Snowflakes fall down onto my laptop, church bells start ringing, and a children’s choir sings carols in my mother tongue—and then, something hits me hard every year.
The world of my childhood suddenly seems whole and perfect for a few seconds—a few minutes, maybe—with the illusion of peace, harmony, and goodwill for all.
But then, reality hits me.
Days in bombed-out Europe
World War II had thrown millions of people out of their homes all over Europe and turned many survivors into refugees without money, jobs, or hope. Countless people lived in refugee camps, bunkers, in the streets, or in overcrowded places.
My father, a young journalist and war correspondent, aged 31, was missing in action.

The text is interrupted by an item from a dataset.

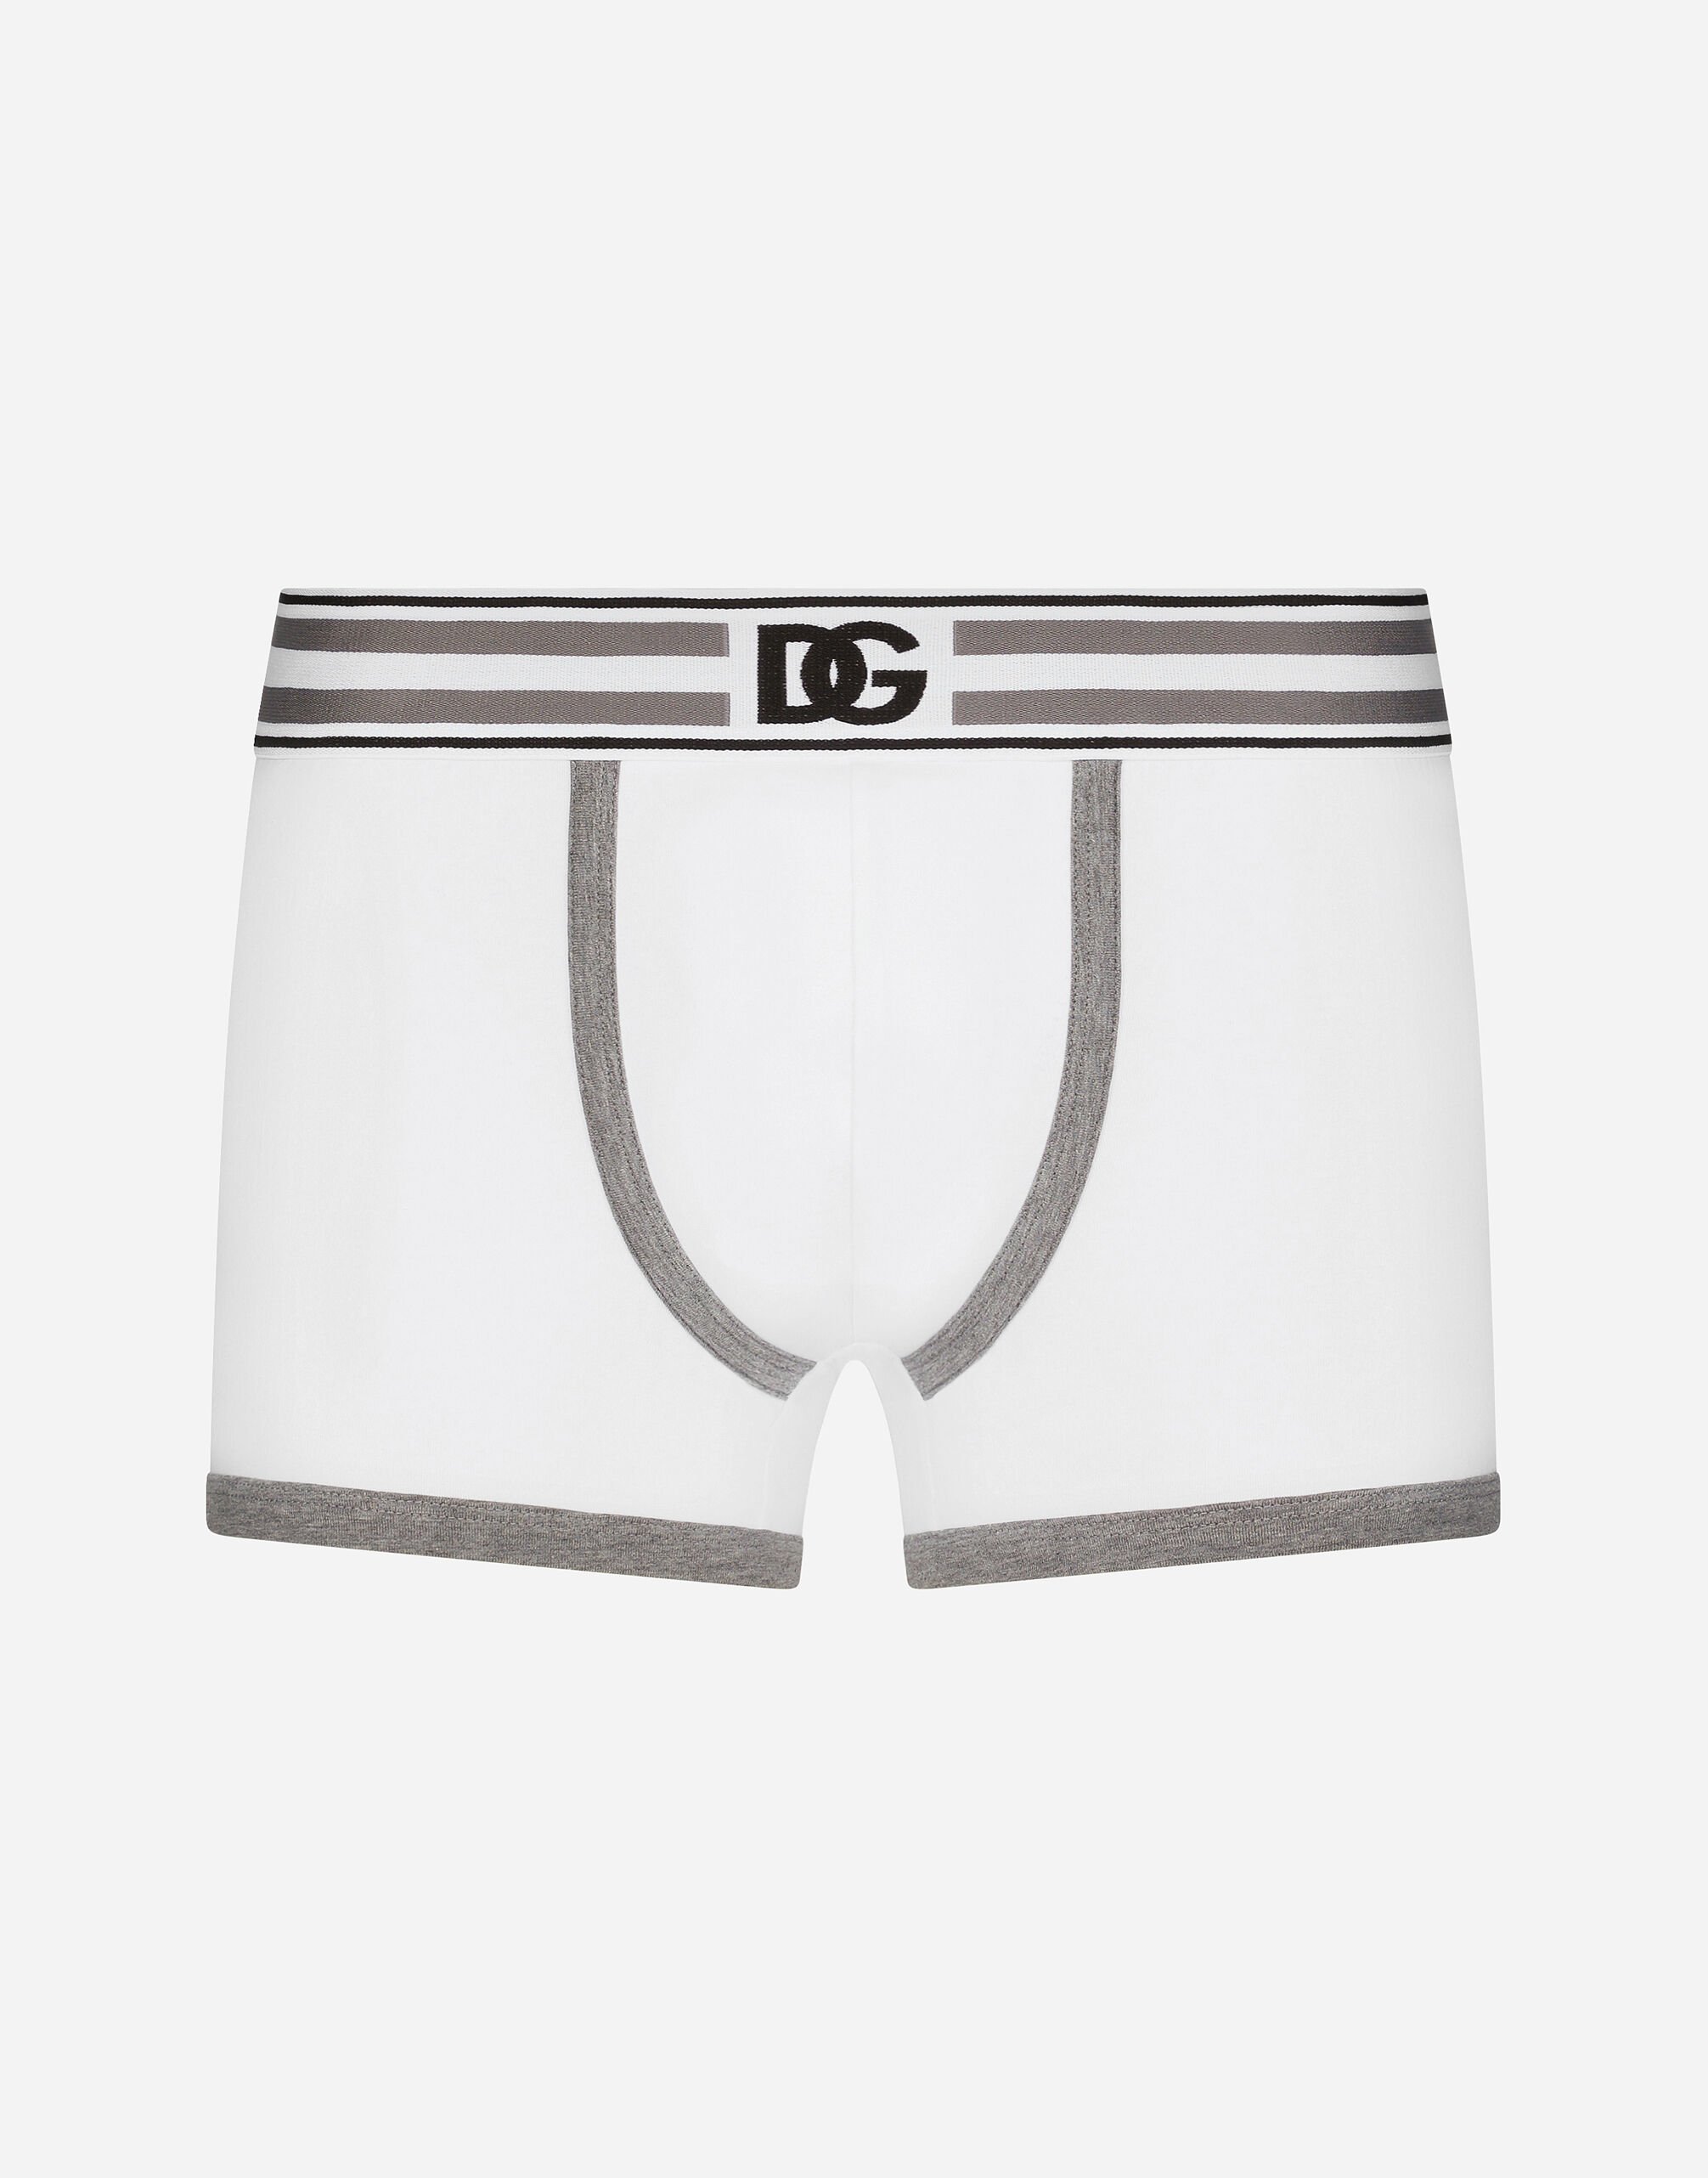 Dolce & Gabbana Regular-fit two-way stretch jersey boxers with DG logo Black VG446FVP187

In 1948, an old relative invited my mother, my little sister, and me to share her small, one-bedroom apartment with two other families in Wuppertal, a city near Düsseldorf and Cologne. When we looked out the window, blackened ruins of a once-large apartment building stared us in the face.
When the singing stops
on Christmas Eve—year after year
Soon, my grandmother stopped singing. She took out her little handkerchief and sobbed. Two songs later, my grandfather stopped singing, too. He rubbed his eyes with his big hands, pretending that he had some dust in his eyes. It took me some years before I realized why they stopped singing: both my grandparents had lost their only son, drafted at 17, killed in Russia.
My father had disappeared in the Soviet Union. None of us knew for many years after the war that Russian partisans had thrown a Molotov cocktail under his car and blown him and his driver up in the summer of 1944. My mother, unaware that she already was a widow, yet filled with fear and apprehension, stopped singing and started to cry.
In spite of all the tears, my little sister and I kept singing, no matter what. We both wanted to save Christmas—Heiligabend after Heiligabend. The same scenario repeated itself every year, way into the 1950s.
Each Christmas song in Philly brings back the sorrow and the joy
in the ruins of Europe

As in all the years before, I fight tears, aware that after all these many decades, I’m still allowed to re-live those Christmas evenings of my childhood whenever snow falls gently onto my computer screen and a children’s choir in Bavaria sings Weihnachtslieder, courtesy of YouTube.
Christmas wish:
May those who come after us
do a better job than we did
Fröhliche Weihnachten, merry Christmas, and a heart full of hope.
One day, may those who come after us, doing a better job than we did, hand over permanent peace as a present for the generations to come—not just for Christmas, but for life.